Nested Loop Left Join  (cost=1066367.20..4077589.03 rows=1411652 width=83) (actual time=3943.936..3992.130 rows=9262 loops=1)
   ->  Sort  (cost=1066366.64..1069895.77 rows=1411652 width=48) (actual time=3943.917..3945.328 rows=9262 loops=1)
         Sort Key: noise.time_noise
         Sort Method: quicksort  Memory: 1108kB
         ->  Nested Loop  (cost=907649.38..922173.77 rows=1411652 width=48) (actual time=3582.100..3941.579 rows=9262 loops=1)
               ->  Unique  (cost=907648.81..911048.44 rows=3978 width=20) (actual time=3582.059..3891.212 rows=9253 loops=1)
                     ->  Sort  (cost=907648.81..909348.63 rows=679925 width=20) (actual time=3582.058..3826.172 rows=1450072 loops=1)
                           Sort Key: noise_1.track, noise_1.slow DESC
                           Sort Method: quicksort  Memory: 162439kB
                           ->  Index Scan using test_unique_noise_3 on noise noise_1  (cost=0.56..841781.02 rows=679925 width=20) (actual time=0.043..2864.183 rows=1450072 loops=1)
                                 Index Cond: ((base_name = 'B001'::text) AND (slow >= '50'::double precision) AND (slow <= '100'::double precision) AND (distance <= 10000) AND (time_noise >= '2019-01-01 00:00:00'::timestamp without time zone) AND (time_noise <= '2019-07-01 00:00:00'::timestamp without time zone))
               ->  Index Scan using test_unique_noise on noise  (cost=0.56..2.78 rows=1 width=48) (actual time=0.005..0.005 rows=1 loops=9253)
                     Index Cond: ((track = noise_1.track) AND (time_noise = noise_1.time_noise) AND (slow = noise_1.slow))
   ->  Index Scan using tracks_time_track_track_key on tracks  (cost=0.56..2.11 rows=1 width=51) (actual time=0.005..0.005 rows=1 loops=9262)
         Index Cond: ((time_track = noise.last_time) AND (noise.track = track))
 Planning time: 0.782 ms
 Execution time: 3994.348 ms

Should I use PL/pgpsql e.g?

Best Answer

The index scan can only use the first two columns (base_name and slow) for the scan itself, the remaining ones are used as a filter (before table access).

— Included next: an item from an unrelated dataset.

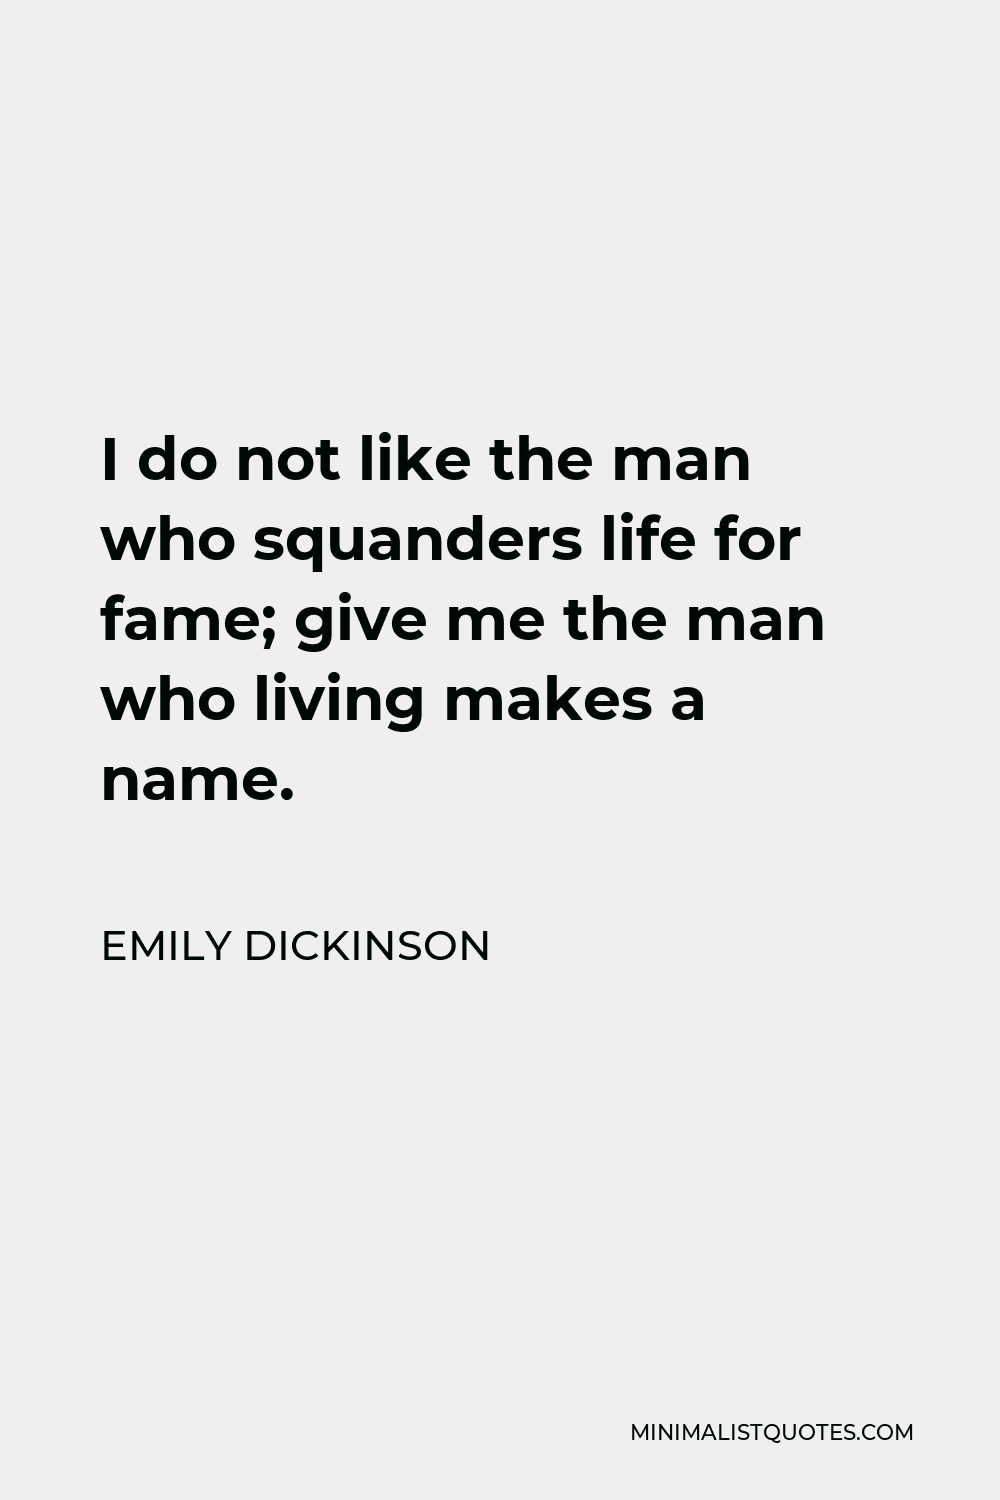 Emily Dickinson Quote - I do not like the man who squanders life for fame; give me the man who living makes a name.

But your query is probably slow because it has to access the table 1.5 million times to fetch the track column.

You should create an index like this:

CREATE INDEX ON noise (base_name, track, slow DESC, distance, time_noise);

Then make sure that noise is vacuumed regularly, and you should get an index only scan, which is much faster, and you won't need an explicit sort as well.